Каллум, у которого был дар видеть будущее. Точно так же, как Кили обладала даром развязывать людям языки, а я — выбираться невредимой из неприятных ситуаций. Я, как и этот Бешеный, обладала даром не погибать.

— Но я не хочу говорить о Каллуме, — сказал Бешеный, не желая, чтобы я отвлеклась от его откровений. — Я хочу поговорить о нас. Ты хоть представляешь, насколько ты необычна? Как ты исключительна?

Какая разница? Мне все равно, одна ли я на десять тысяч или на миллион.

— Я живучая, — сказала я. — Я выживаю тогда, когда другие не могут выжить. Я — как неваляшка. Меня очень трудно убить.

— И ты думаешь, что это все, Брин? Ты что, на самом деле думаешь, что в этом ты вся? Что ты просто такая крутая и тебе все время везет? Да брось! Ты просто подумай.

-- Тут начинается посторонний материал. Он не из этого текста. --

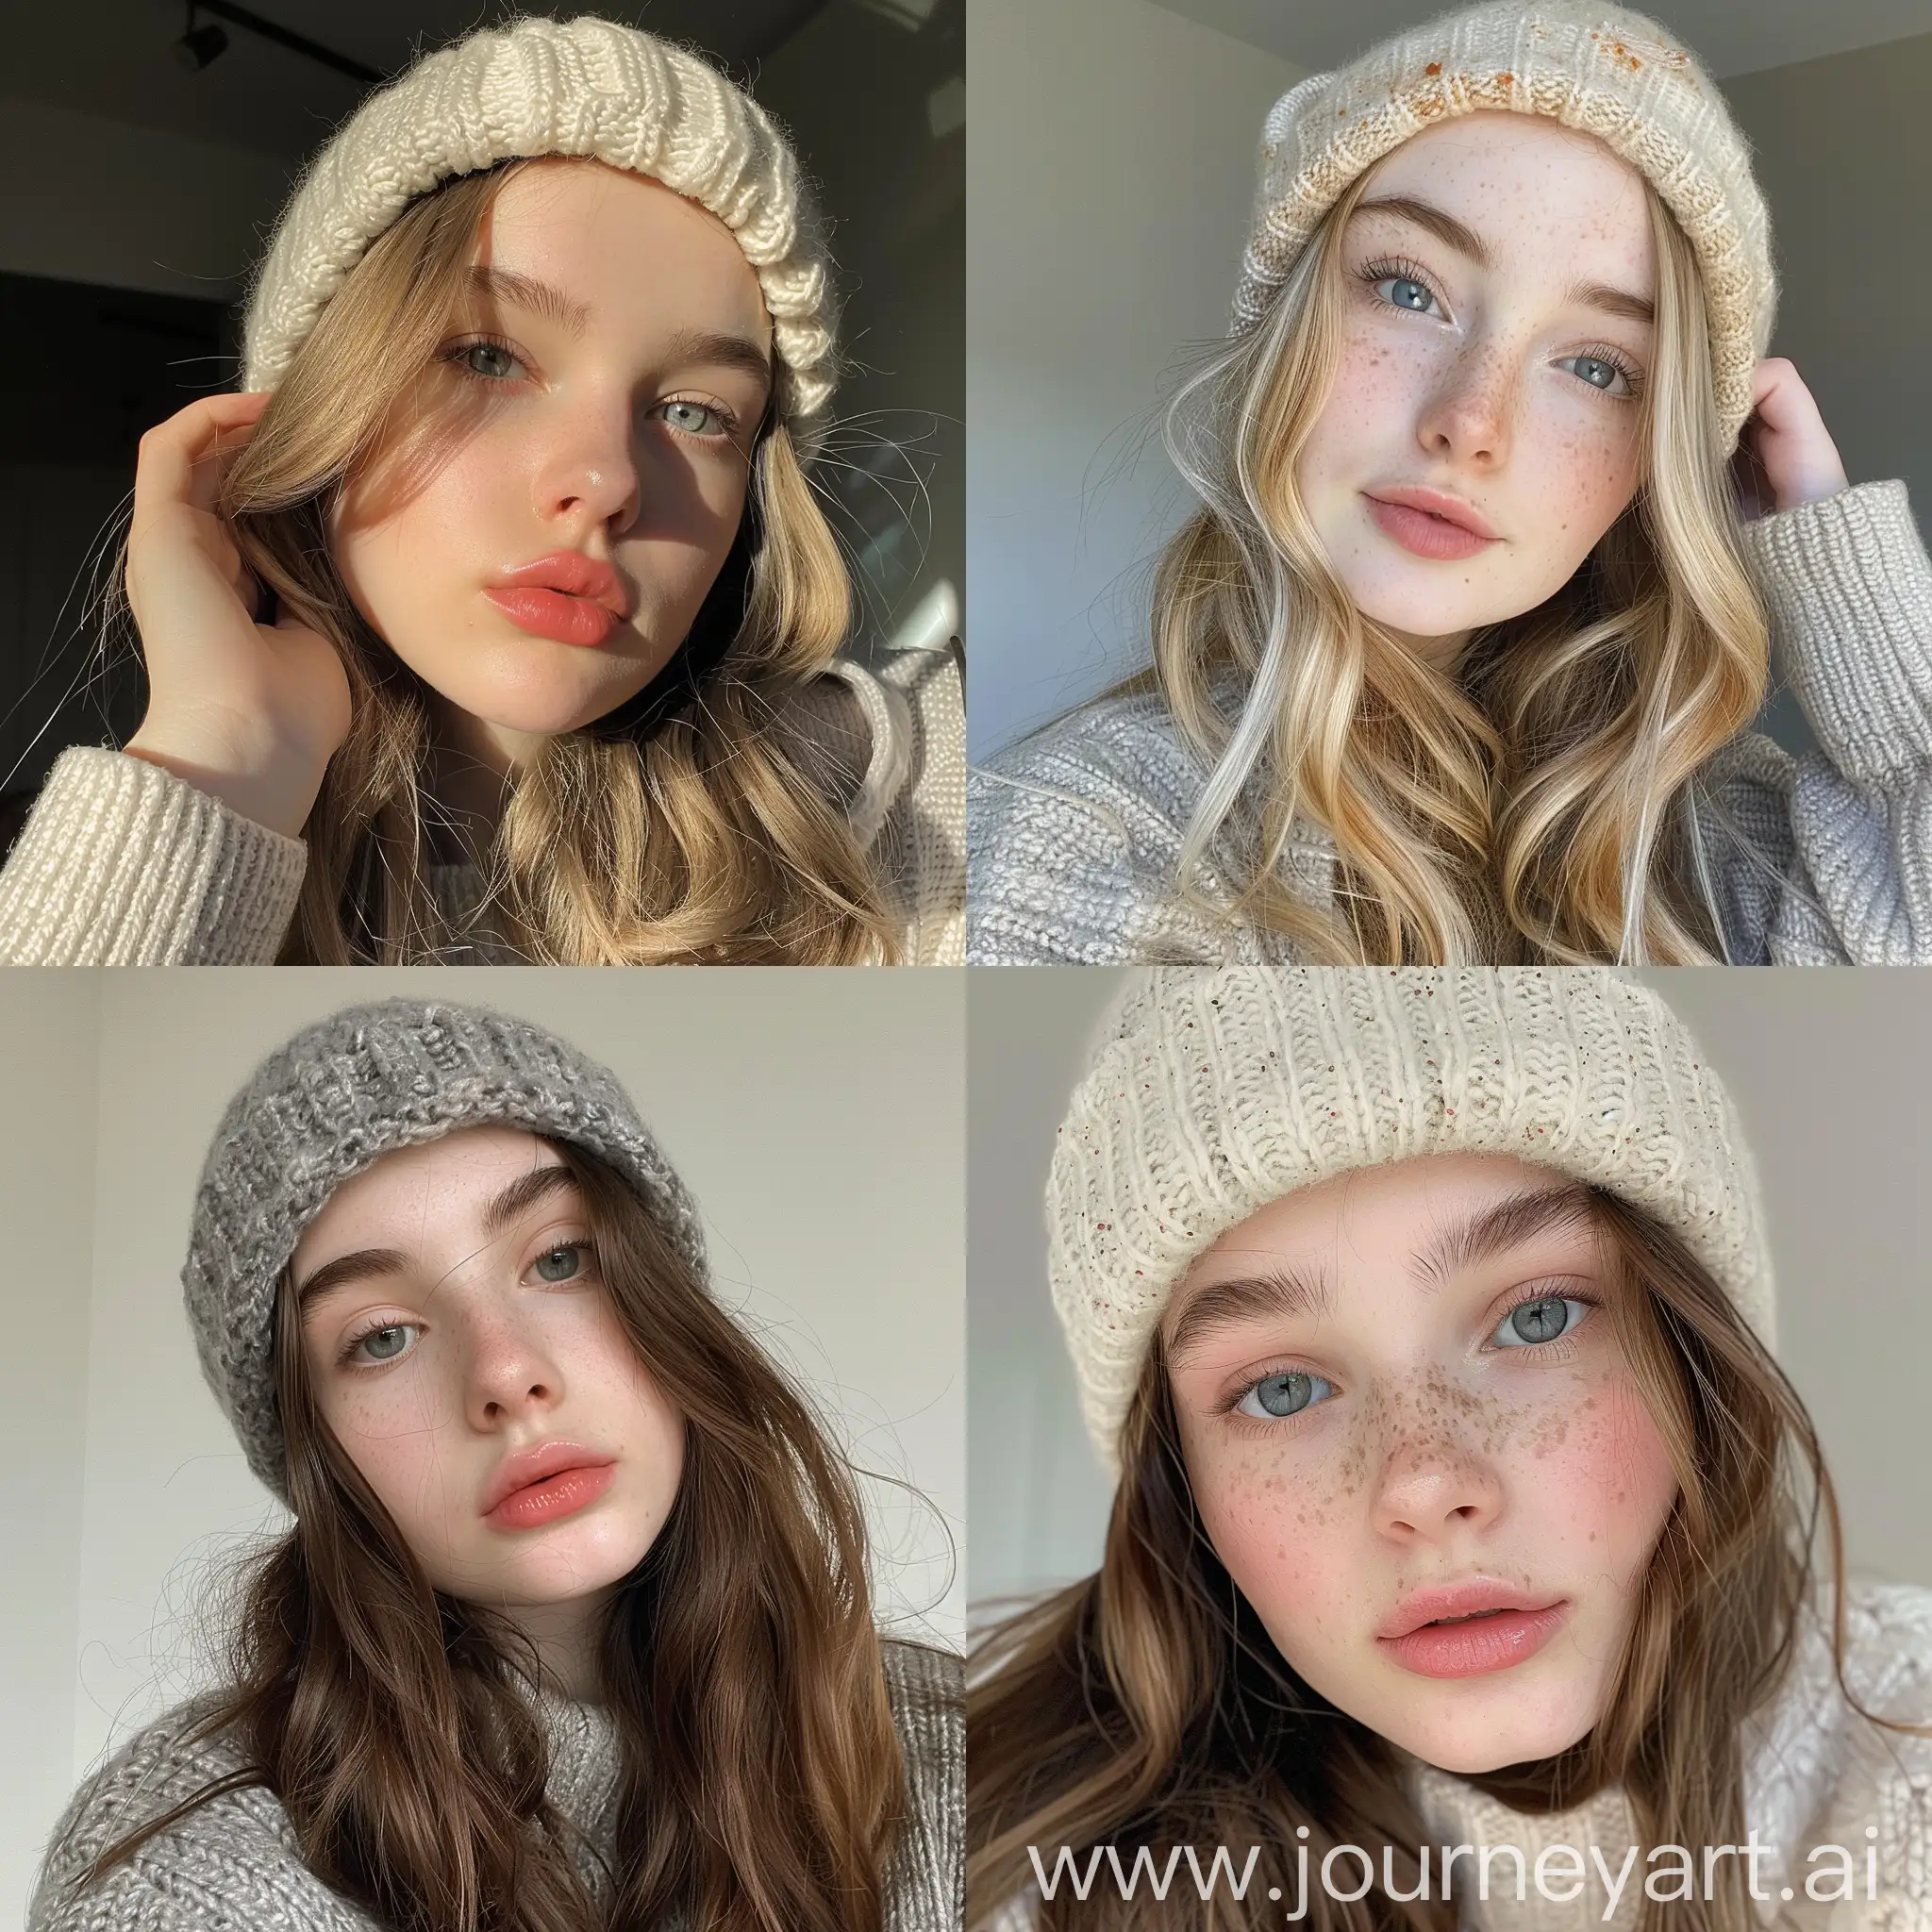 Teenage-Girl-Influencer-in-Beanie-Taking-Aesthetic-Instagram-Selfie

Скажи мне, разве ты не чувствовала этого раньше, как оно ползло по твоей спине, нашептывало тебе на ухо, овладевало твоими конечностями, зрением, твоим страхом, твоей яростью… — Вилсон говорил о своем инстинкте выживания, как будто он принадлежал какому-то другому существу. Как будто это было что-то священное. Как будто он не был сумасшедшим, открывшим в насилии ни больше ни меньше как олицетворение чего-то первозданно жестокого. — Мы — избранные. Скажи, что ты этого не чувствуешь. Скажи, что ты не чувствуешь этого, когда смотришь на меня, когда ты смотришь на мальчика, которого я послал к тебе.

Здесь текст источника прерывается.